Interesting...This is only that I can say bout it,cause in my country something like that is not common.


----------



## Bawana

Leashes, harnesses, reins, whatever you may refer to them as, have been used in one from or another probably since kids were invented. I know the fraise "tied to your mothers apron strings" is an old one, and applies.
 Here in the US they have been used for a long time. They have never been main stream however, but have faded in and out in usage and popularity. There has always been people who love them and would use them, and the like who would not and hate them, also varying degrees on both sides, sometime users. When I was young 60's, 70's, I can remember seeing kids in them tethered to the front porch, or washline, whatever was handy to keep them from wandering to far when mom or dad couldn't be right there. That (tethering) seems to be really frowned upon today. I was one such child tethered in the yard at times. Even though our yard had a fence, I always found a way to escape! Out came the harness for me. I have only slight memories of it, I know what happened mostly from stories from my mom and older sister. Funny, I have a vivid memory of how I use to get through the fence before the harness? This harness was also used when I was in the carriage or stroller at a younger age to make sure you didn't tumble out or jump out. 
 They seem to be making a return to being popular right now. I think because of the paranoia of the current times, and they now make cute animal backpack ones.  These are liked more by parents and kids then the stark strapped type harnesses, more fun to wear and look at. All and all, they are a tool for safety, no different than any other for child safety, seatbelt, carseat, highchair, crib, playpen, etc all safety devices meant to help confine. Anyone of which could be used wrongly and viewed as bad.


----------



## Lusitania

Never seen them in Portugal and it would be considered child abuse and if I would see it in another country I would be in shock.


----------



## Hakro

Lusitania said:


> Never seen them in Portugal and it would be considered child abuse and if I would see it in another country I would be in shock.
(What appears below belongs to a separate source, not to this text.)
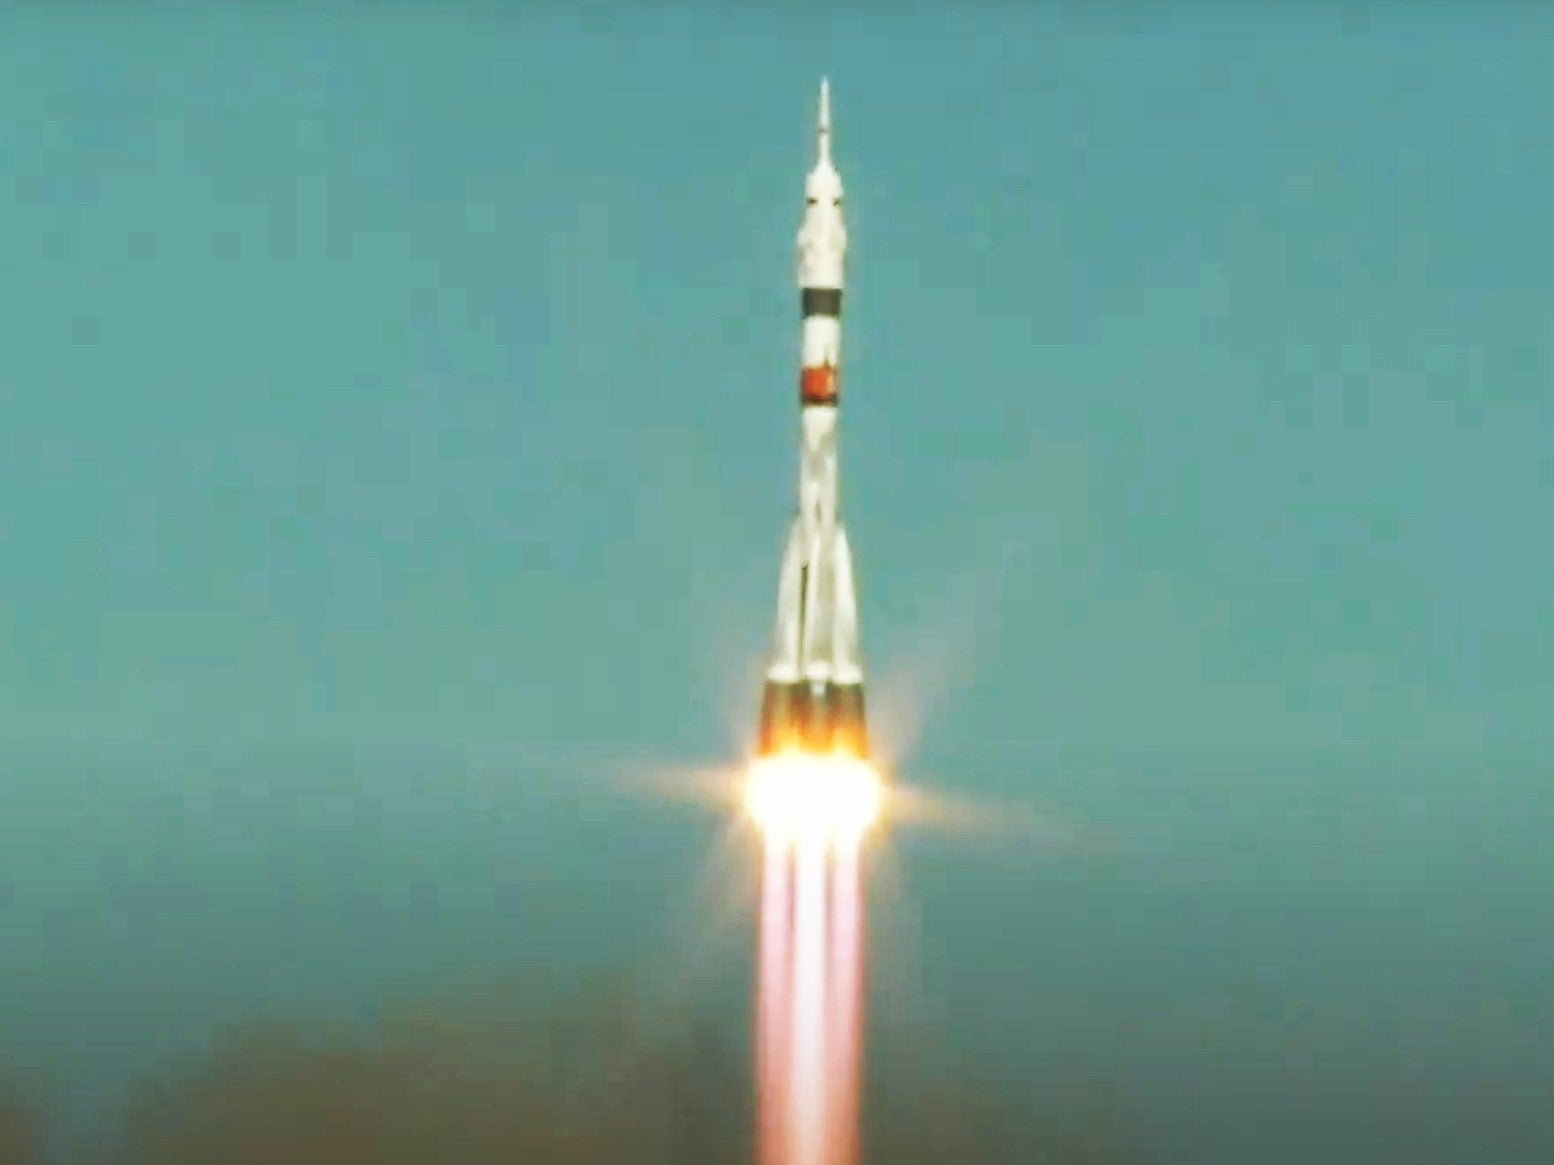 The Soyuz MS-17 reached the ISS in just 3 hours and 3 minutes

I've seen that the Portuguese don't often wear seat belts in cars. Would you be shocked to see all the people in other countries wear safety belts?

This is what the children's reins/harnesses were for: to prevent kids from running away to the street or even from falling down while taking their first steps. Just for their safety.


----------



## Lusitania

Hakro said:


> I've seen that the Portuguese don't often wear seat belts in cars. Would you be shocked to see all the people in other countries wear safety belts?


 
That shocks me too, because there has been done so much work on prevention and we have more deaths in car accidents than in the Israeli-Palestian conflict.




> This is what the children's reins/harnesses were for: to prevent kids from running away to the street or even from falling down while taking their first steps. Just for their safety.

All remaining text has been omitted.